I struggled somewhat to follow the highly abstract train of reasoning in Min-Zhan Lu’s presentation. Lu’s talk was more densely theoretical than the following talks by Tom Fox and Joseph Harris, which isn’t a criticism on my part, but an acknowledgment that I had to work harder to follow the complexity of her argument, and in fact failed to follow quickly enough at times — so any instances of incoherence in the following account should be taken as failures on my part, and not Lu’s. Lu began her talk on “Rethinking How We Talk About Class in the Global Free Market” by pointing to higher education’s increasingly prevalent invocation of the language of job security, career advancement, and marketable job skills. These terms, Lu noted, are not self-evident. They are, however, associated with a class of students increasingly subjected to the demands of global capital. If we’re going to develop a pedagogy that takes seriously our students’ economic concerns, we need to address their career goals as well as the increasingly volatility of global flows of capital and people, and in this sense, we would do well to keep in mind the additional meaning of career as unrestrained headlong rush. Lu expressed reservations about the limitations of the conventional stratifying markers of class, and proposed that we look instead to the extraterritorial mobility of the global elite as marker of class distinction. The conditions of the global free market today push the economy towards production of the volatile, the ephemeral, and the precarious, and the extraterritorial careering of the global elite constrains the middle class.

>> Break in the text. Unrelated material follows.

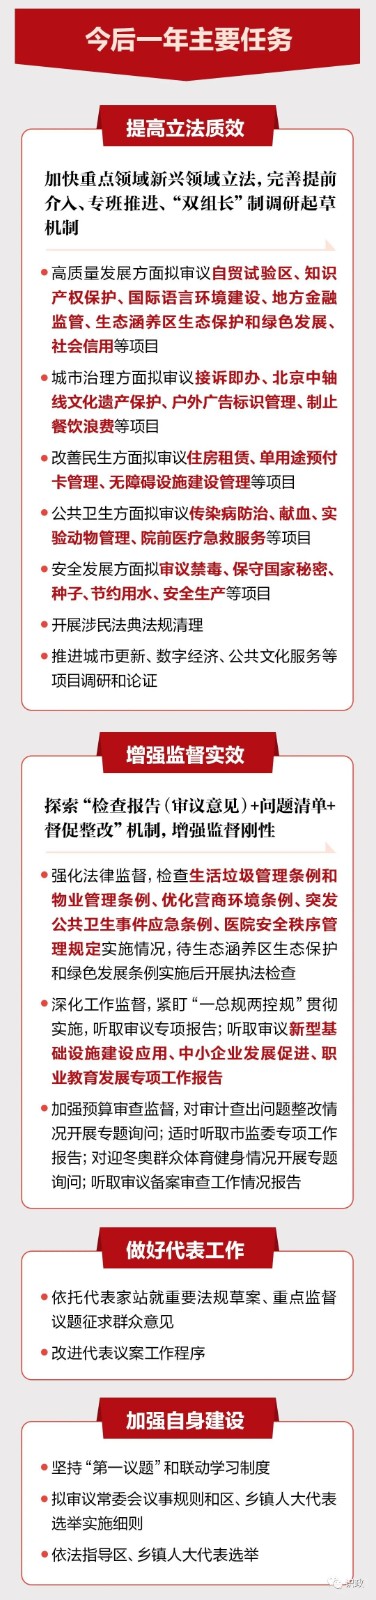 北京自贸试验区、住房租赁等重要法规提上日程-中国网地产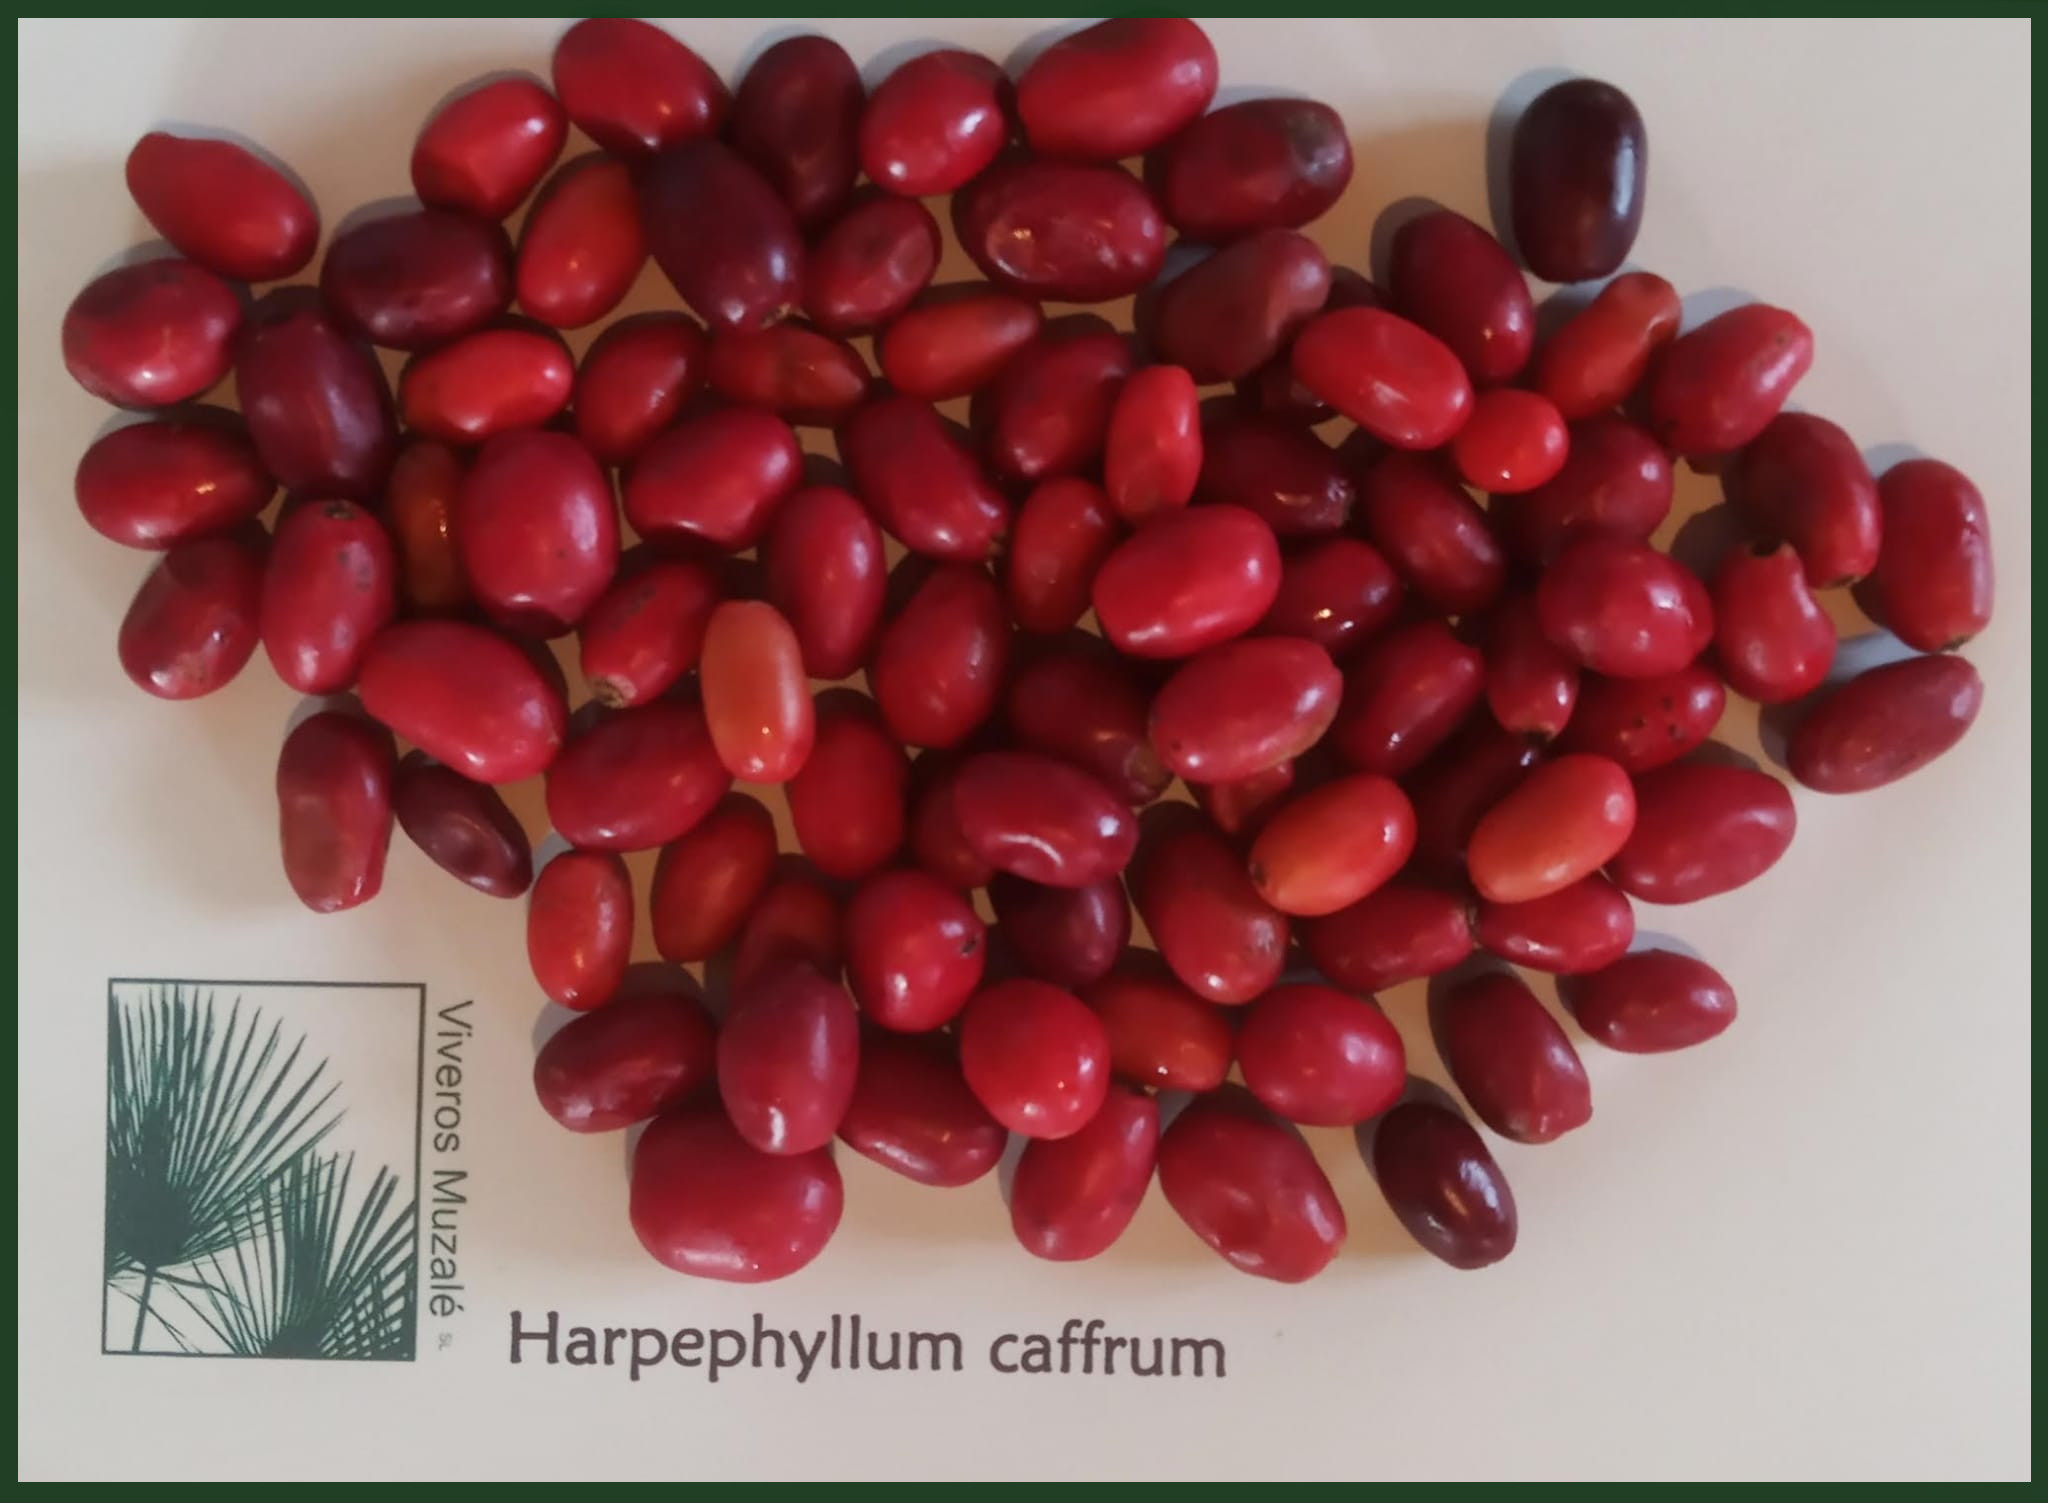 Harpephyllum caffrum

In fact, skilled workers today are increasingly uncertain, and the single most important job skill today is flexibility. Given such a circumstance, Lu proposed initiating writing projects that focus attention on the tension between long-term sustainability work and the desire to share the global elite’s extraterritorial mobility of jobs and capital. Our perceptions of our own relation to extraterritorial mobility shapes our experience of school and work, and we would do well to rethink our relationship to capital instead of chasing it in headlong career. If teachers are to earn the authority to help students with their careers, we need to learn to address the unequal distribution of extraterratorial mobility.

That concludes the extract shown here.